How a conversion works
A conversion is three steps: reading the source file, translating it into a neutral Intermediate Representation, writing it in the destination format. All in the browser, all synchronous.
1. Reading (reader)
Every format has its own reader — a function
read(bytes: Uint8Array): Pattern in packages/core.
The reader decodes the file's bytes, handles the format's quirks
(compression, XOR, byte order, offset tables) and returns a
Pattern with absolute stitches in 0.1 mm
units, threads with RGB and catalog info, and commands (STITCH,
JUMP, TRIM, COLOR_CHANGE,
STOP, END).
Some readers are simple (DST is text with coordinates; EXP is a stream of signed bytes). Others have more scaffolding: VIP is a HUS body compressed with EmbCompress inside a Husqvarna header; PES embeds a PEC block with its color palette; VP3 carries thread tables with manufacturer metadata.
2. Intermediate Representation
The Pattern is the heart of the converter: every writer consumes it, every reader produces it. It is neutral, so any two formats can talk to each other without knowing anything about one another. See the IR page for the details of the type.
Commands
STITCH— a normal stitch; the needle goes down and sews.JUMP— move the needle without sewing (for jumps between areas of the design).TRIM— cut the thread. Not every format knows how.COLOR_CHANGE— the machine's color change.STOP— a pause: the operator changes thread or adjusts the fabric.END— end of the design; the last command every writer must always emit.
3. Writing (writer)
Every format has a writer write(pattern: Pattern,
settings): Uint8Array. The writer takes the absolute coordinates,
converts them to the format's delta encoding (1/10 mm in ZHS, 0.1 mm with
scaling in DST, and so on), and encodes the special commands with the
bytes of its own dialect.
If the destination format cannot express one of the Pattern's commands
(for instance, ZHS cannot write STOP as an arbitrary pause,
and some older formats have no concept of TRIM), the writer
applies the fallback strategy documented for that format and attaches a
structured warning to the
response. The UI shows the warnings in the results list.
4. The convert() function
import { convert } from '@embroidery/core';
// en: source bytes, fromFmt, toFmt → destination bytes
const out = await convert({
bytes: vipBytes,
from: 'vip',
to: 'zhs',
settings: { hoop: 'auto', trims: 'drop' },
});
// out.bytes : Uint8Array
// out.warnings : Warning[] (empty when everything went smoothly)

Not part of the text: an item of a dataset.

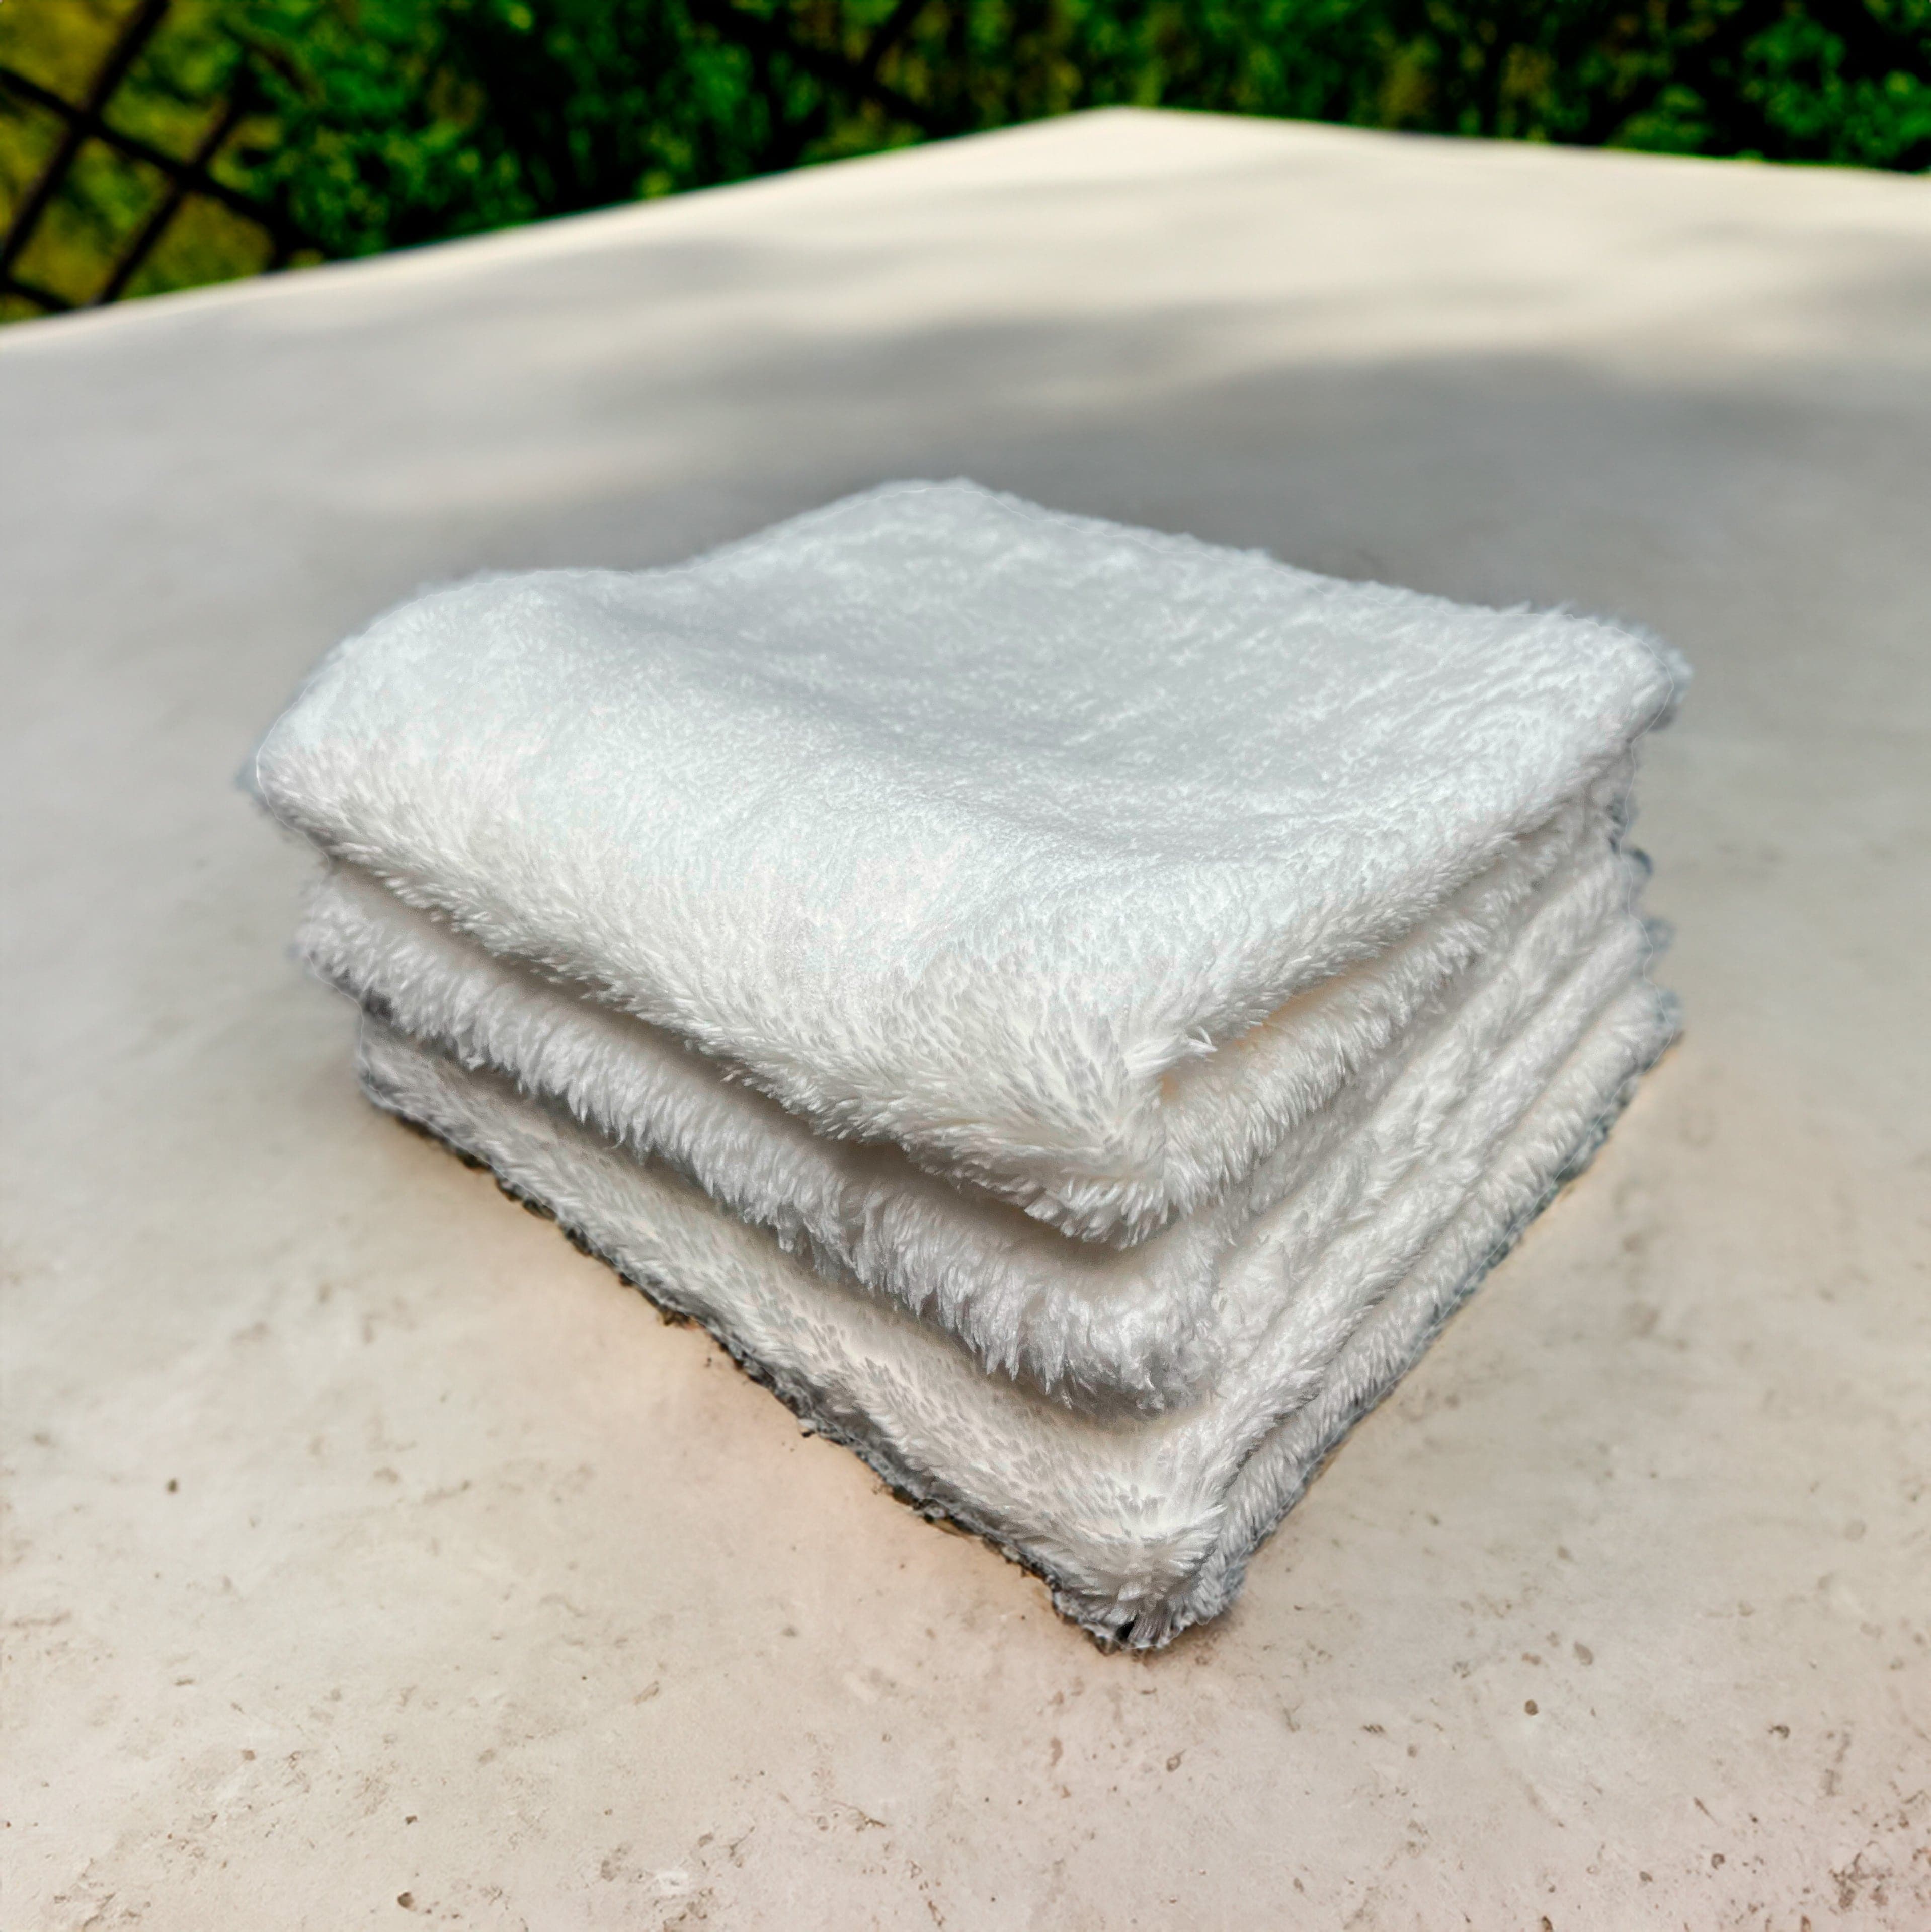 coralfleece.jpg - Economy Coral Fleece White Towel 3 Pack - Undrdog Surface Products

// out.note? : string (caveat for the destination format) What it does NOT do
- It doesn't digitize. It doesn't generate stitches from an SVG or a vector drawing — it reads one embroidery file and writes another.
- It doesn't touch your file's colors. If a format only knows its own thread palette, it snaps them to the nearest matches and reports
warn.COLOR_QUANTIZED. - It doesn't reshape the geometry: it moves or centers the design in the hoop only if you ask it to.
- It sends nothing over the network. See Privacy.